Concurrency Control and Queuing: Prevent OOM and System Hang Under High Concurrency
Concurrency Control and Queuing is a core mechanism in Doris workload management. When the number of concurrently running queries exceeds the system limit, Doris places the excess queries into a waiting queue instead of rejecting them outright or letting them overwhelm the system. This prevents problems such as OOM and system hangs.
This mechanism is implemented through the workload group. Each workload group can independently set the maximum concurrency, the queue length, and the queue timeout.
Configure Concurrency Control and Queuing
Purpose: Create or modify a workload group to limit the number of concurrent queries and enable queuing.
Command:
CREATE WORKLOAD GROUP IF NOT EXISTS queue_group
PROPERTIES (
"max_concurrency" = "10",
"max_queue_size" = "20",
"queue_timeout" = "3000"
);
Parameter description:
| Parameter | Type | Default | Range | Description |
|---|---|---|---|---|
max_concurrency | integer | 2147483647 | [0, 2147483647] | Maximum query concurrency.

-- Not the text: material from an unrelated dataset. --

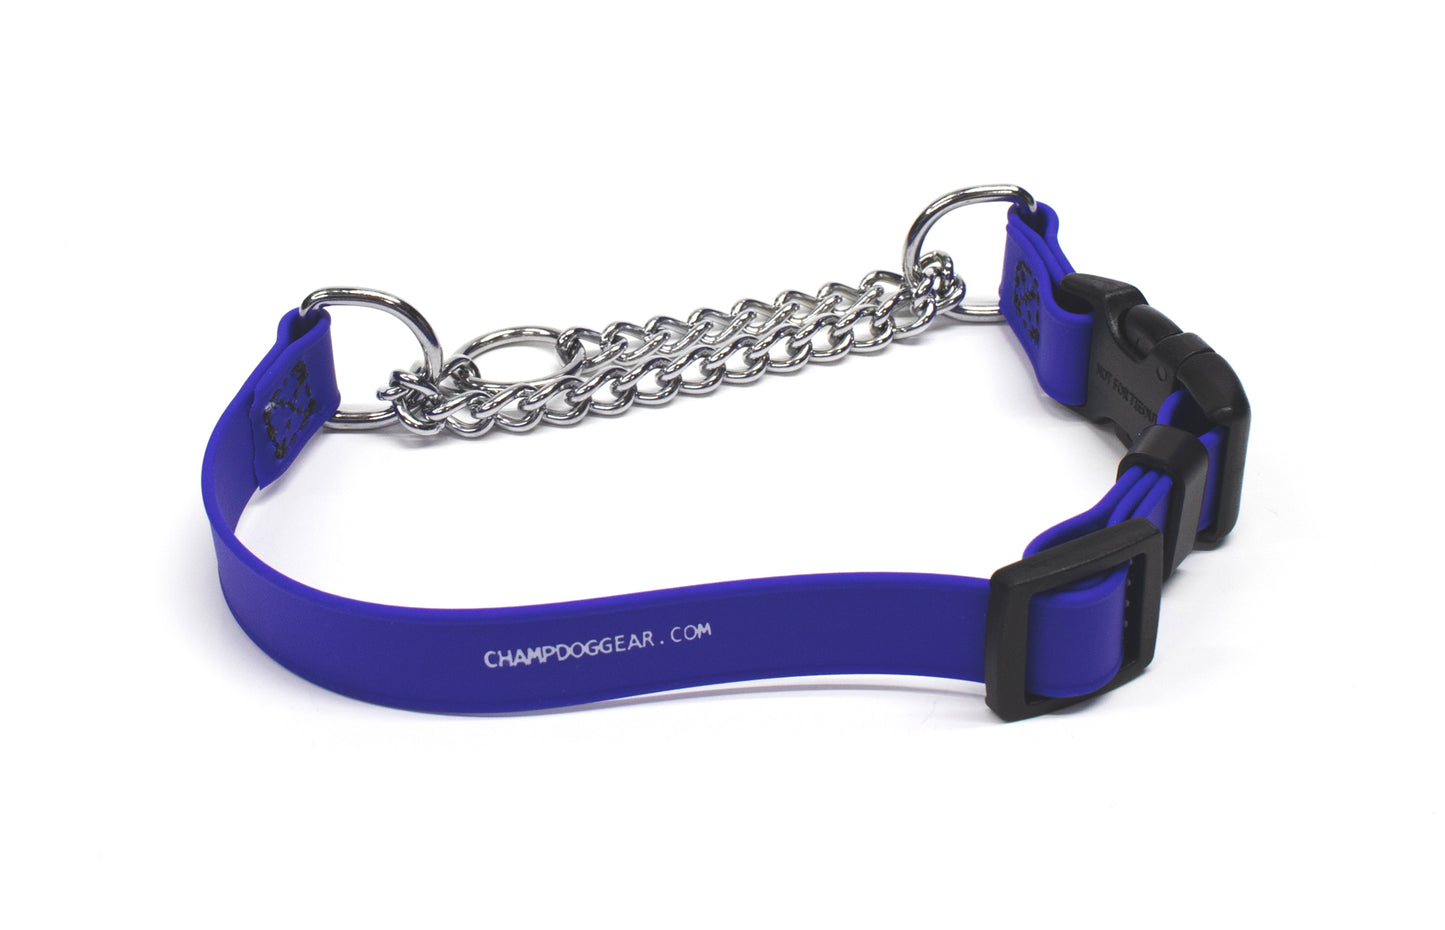 BioThane Chain Mart Adjustable with Quick Release

The default value is the maximum integer, which means concurrency is unlimited. When the number of running queries reaches this limit, new queries enter the queuing logic. |
max_queue_size | integer | 0 | [0, 2147483647] | Length of the waiting queue. When the queue is full, new queries are rejected directly. The default value is 0, which means no queuing. |
queue_timeout | integer | 0 | [0, 2147483647] | Maximum time a query can wait in the queue, in milliseconds. After the timeout, a failure is returned to the client directly. The default value is 0, which means a failure is returned immediately after entering the queue. |
Example explanation:
The configuration above has the following meaning in a single-FE scenario:
- The cluster runs at most 10 queries concurrently.
- When concurrency is full, new queries enter the queue, which has a maximum length of 20.
- A query in the queue waits at most 3 seconds (3000 milliseconds), and a timeout returns a failure.
Queuing parameters take effect at the single-FE granularity and do not factor in the total number of FEs in the cluster. For example:
- With
max_concurrency = 1and 1 FE in the cluster, at most 1 SQL runs at the same time. - With
max_concurrency = 1and 3 FEs in the cluster, at most 3 SQLs run at the same time (1 per FE).
In a multi-FE cluster, set max_concurrency to the desired cluster-level concurrency divided by the number of FEs.
View the Current Queuing Status
Purpose: View the current number of running queries and queued queries for each workload group.
Command:
SHOW WORKLOAD GROUPS;
Example output:
mysql [(none)]> SHOW WORKLOAD GROUPS\G;
*************************** 1. row ***************************
Id: 1
Name: normal
cpu_share: 20
memory_limit: 50%
enable_memory_overcommit: true
max_concurrency: 2147483647
max_queue_size: 0
queue_timeout: 0
cpu_hard_limit: 1%
scan_thread_num: 16
max_remote_scan_thread_num: -1
min_remote_scan_thread_num: -1
memory_low_watermark: 50%
memory_high_watermark: 80%
tag:
read_bytes_per_second: -1
remote_read_bytes_per_second: -1
running_query_num: 0
waiting_query_num: 0
Key fields:
running_query_num: The number of queries currently running.waiting_query_num: The number of queries currently waiting in the queue.
Bypass the Queuing Limit (Administrator Operation)
Purpose: In operations scenarios, the administrator account needs to skip the queuing logic and execute management SQL directly.
Command:
SET bypass_workload_group = true;
Description: This setting is a session-level variable and only takes effect in the current session. Enable it temporarily only during operations, and disable it or re-establish the connection after the operation is complete.
FAQ
Q: A new query fails immediately and does not enter the queue**
queue_timeout = 0 or max_queue_size = 0 prevents queries from being queued. Set max_queue_size > 0 and queue_timeout > 0.
Q: Queries are rejected after the queue is full**
max_queue_size is set too small. Increase max_queue_size or raise max_concurrency.
Q: The concurrency limit in a multi-FE cluster does not match expectations**
Queuing parameters take effect at the single-FE granularity. Set max_concurrency to the target value divided by the number of FEs.
Q: Administrator operations are also blocked by the queue**
The bypass variable is not enabled. Run SET bypass_workload_group = true.